母親でさえくれなかった温もりがある。こんな、汚れた自分を抱き締めてくれる腕がある。
小さく震えるカッツェの身体を鷹見は一層強く抱き締める。
「楽しい時は大声で馬鹿みたいに笑え。辛い時には辛いって言え。泣きたい時には、我慢しないで思いっ切り泣いていい」
誰も教えてくれなかったこと、誰も言ってはくれなかった言葉。
ぽろぽろとカッツェの目から涙が零れる。
涙なんて知らなかった。涙を流せるヒトはいても、自分にもあるとは思わなかった。いつも、ただ笑っているだけで……それが全てだとカッツェは思っていた。
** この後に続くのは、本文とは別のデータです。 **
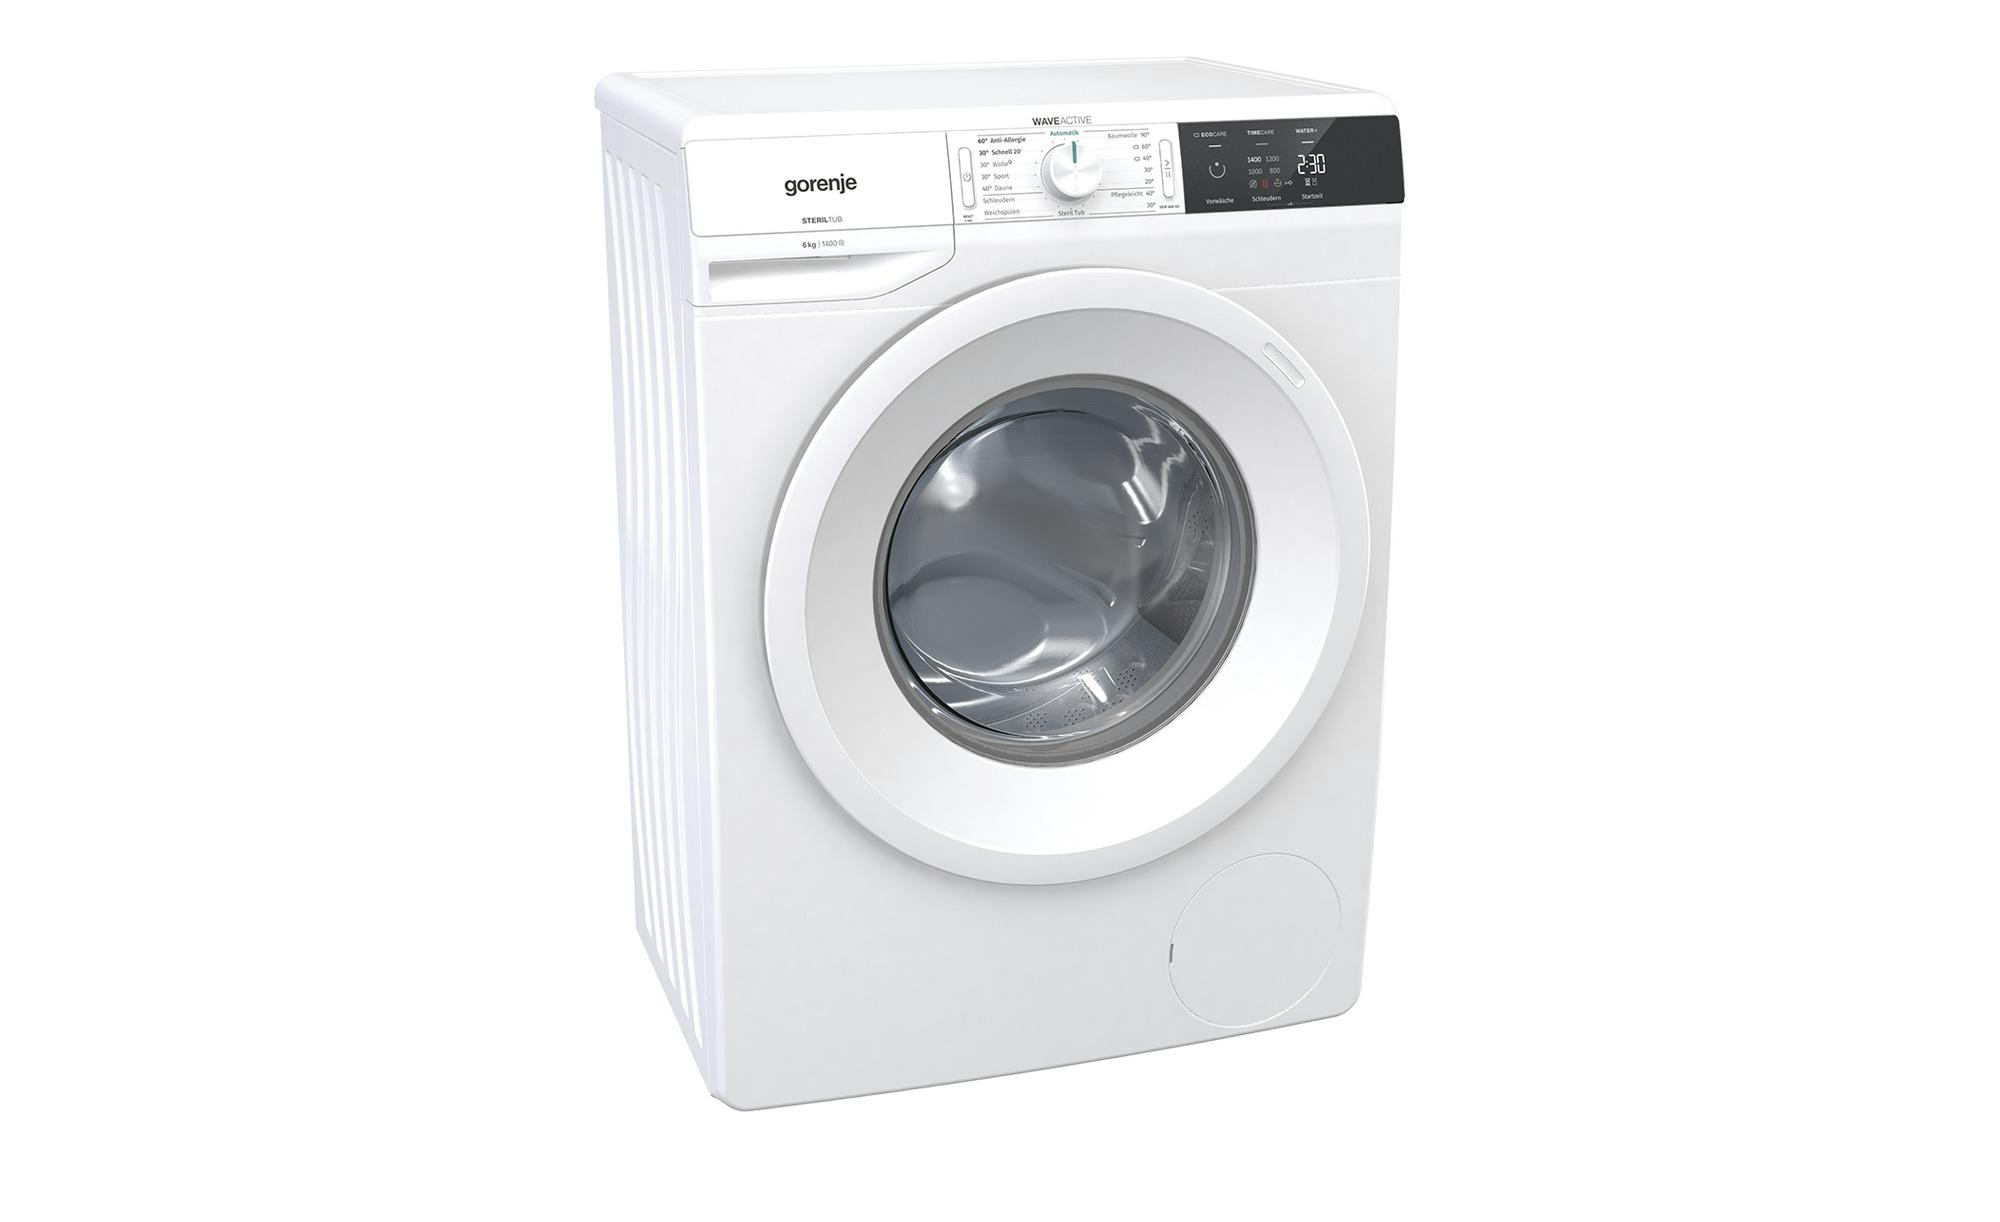 gorenje Waschvollautomat  WE64S3P ¦ weiß ¦ Glas , Kunststoff, Metall-lackiert ¦ Maße (cm): B: 60 H: 85 T: 43 Elektrogeräte > Waschmaschinen - Höffner

鷹見の言葉一つ一つがカッツェの心に、涙と同じようにぽつりぽつりと染み渡る。
「俺だって、いつでもこうやって添い寝してやる。分からねえことがあったら何でも教えてやる。見たいものがあるなら何処だって連れてってやる。夜になったら一緒に、一緒に星を見るから……だから、ここにいろ」
とめどなく溢れてくる涙を止められず、初めて流すそれをどうしようもなく、カッツェはただ泣き続けた。
涙というものは悲しい時に流すものだということだけは知っていたが何故、悲しくもないのに出るのかまではカッツェには分からない。それでもいい、理由などなくてもいい。分からなくても、その涙が知っている。
そんな、子供のように小さく身体を丸めて嗚咽を漏らすカッツェの頭を鷹見は、大丈夫だと宥めるようにカッツェが泣き疲れて眠るまでずっと撫で続けて、無垢なその涙を受け止めていた。